Листок с произнесенной речью капитан спрятал в правый карман своего френчика, а из левого вынул другой, но читать не стал, а, заглянув в него, снова спрятал. Потом он обвел холодными глазами столпившихся зевак и, картинно выбросив руку вперед, гортанным голосом выкрикнул:
— Хайль Гитлер, господа!
Толпа мрачно молчала. «На-кося! Дулю тебе под нос, фриц паршивый! — обрадованно подумал про себя Дронов. — Вот и нашла твоя паршивая коса на камень. А ведь камень-то русский!» Но его радость оказалась преждевременной. После затянувшейся, всех тяготившей паузы немецкий комендант, опустивший было руку, на этот раз уже злым и резким движением опять выбросил ее вперед и прокричал снова:
— Хайль Гитлер!
И вдруг с разных сторон прозвучали ответные голоса. Среди кричавших Дронов увидел и нерешительно поднятую руку «упыря». «Ах ты, дрянь подканавная, сморчок ты паршивый! — возмутился он. — Значит, успел уже и продаться. В старосты небось метишь».
Дронов быстро пересчитал по вскинутым рукам кричавших. Восемь.

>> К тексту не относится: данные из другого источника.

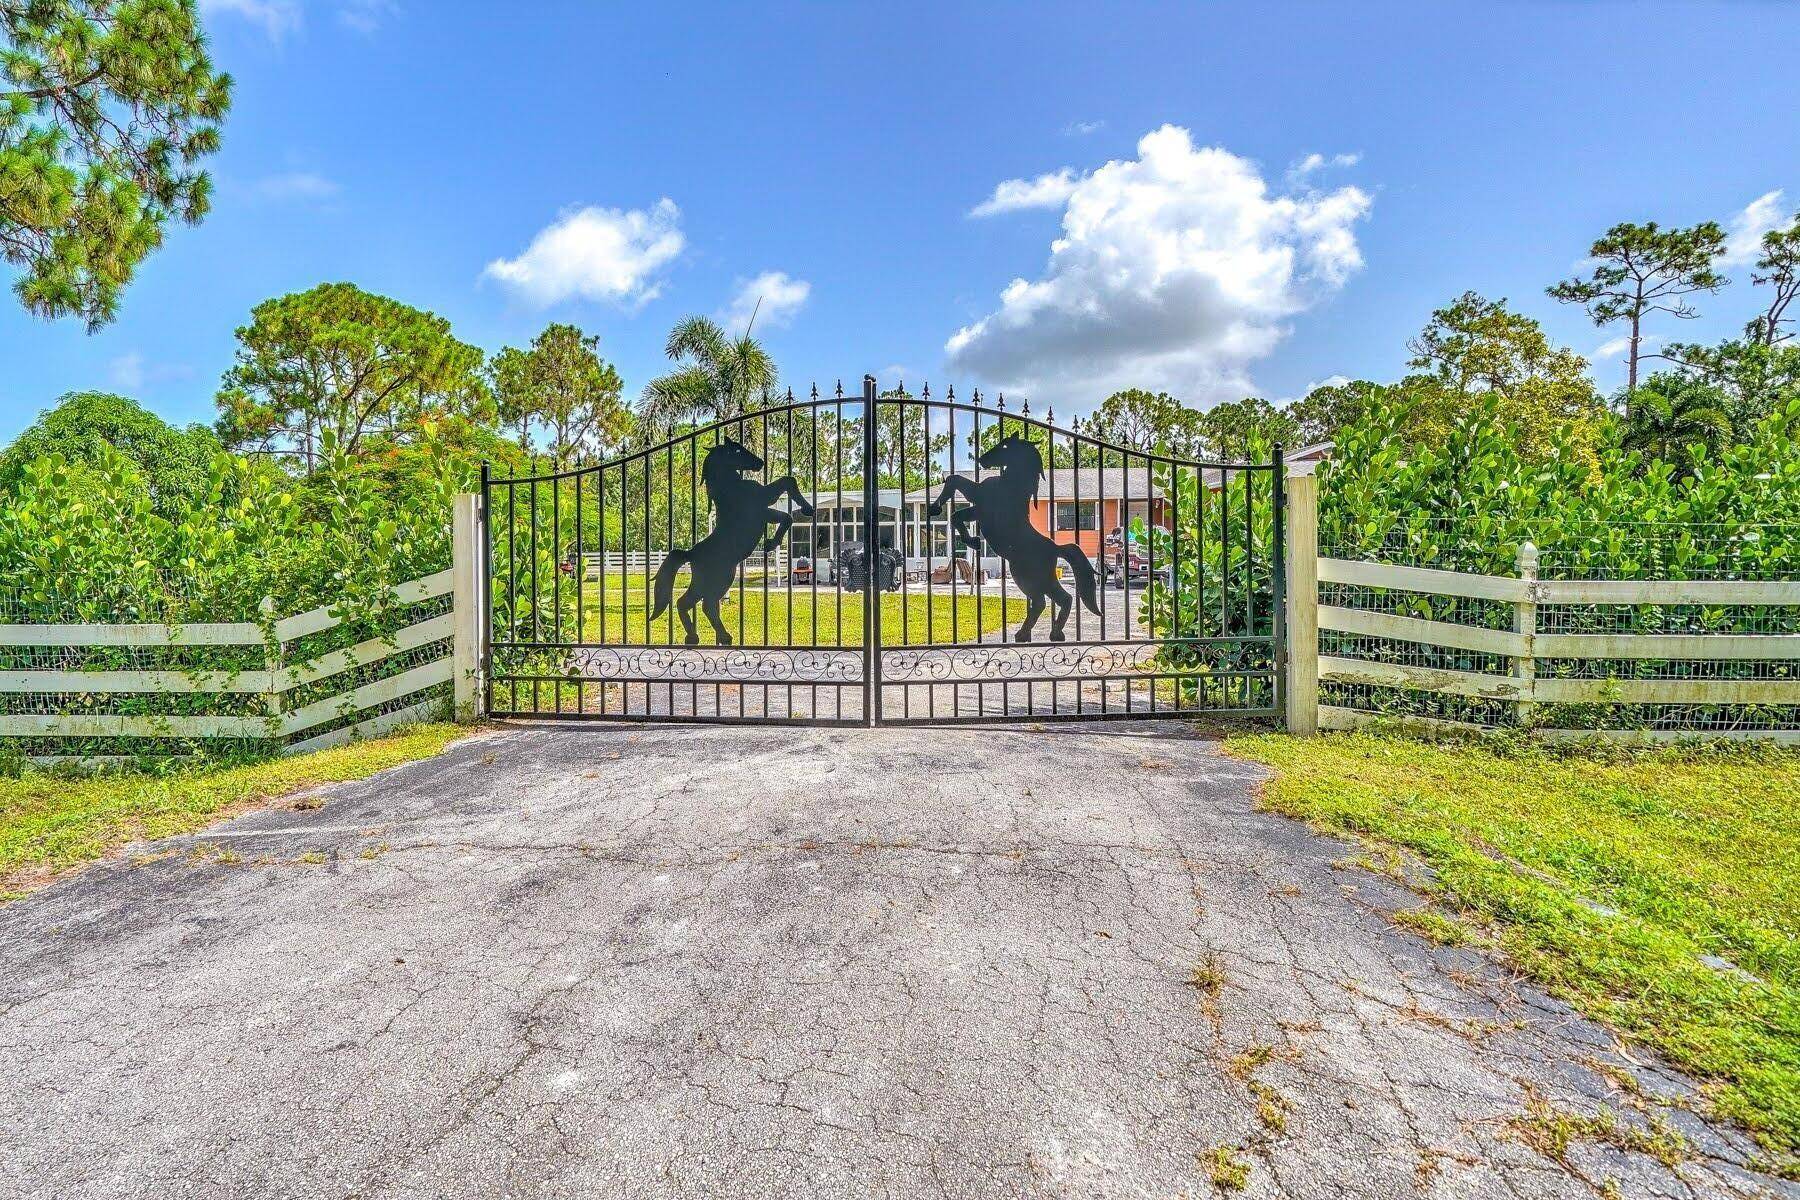 Discover Your Dream Equestrian Retreat 4 Bed, 2 Bath Home on Over 1 Acre in Loxahatchee This stunning 4 bed, 2 bath single family home is a true equestrian paradise ...

Только восемь подлецов, успевших все обдумать и взвесить на грязных весах собственной совести, не размытой никакими сомнениями. А впрочем, была ли когда-нибудь у них эта совесть, если столько лет копили свою ненависть к Советской власти, тяготили нашу землю, ели наш донской каравай? И ждали, годами ждали своего часа, когда можно будет сорвать маску и так откровенно плюнуть в лицо всем-всем.
Почему же их в тридцать седьмом году никто не взял под стражу, не отправил в далекие края отбывать наказание? А теперь они, эти тени прошлого, подняли головы и выплеснули всю затаенную годами ненависть. И ох какой же черной она была!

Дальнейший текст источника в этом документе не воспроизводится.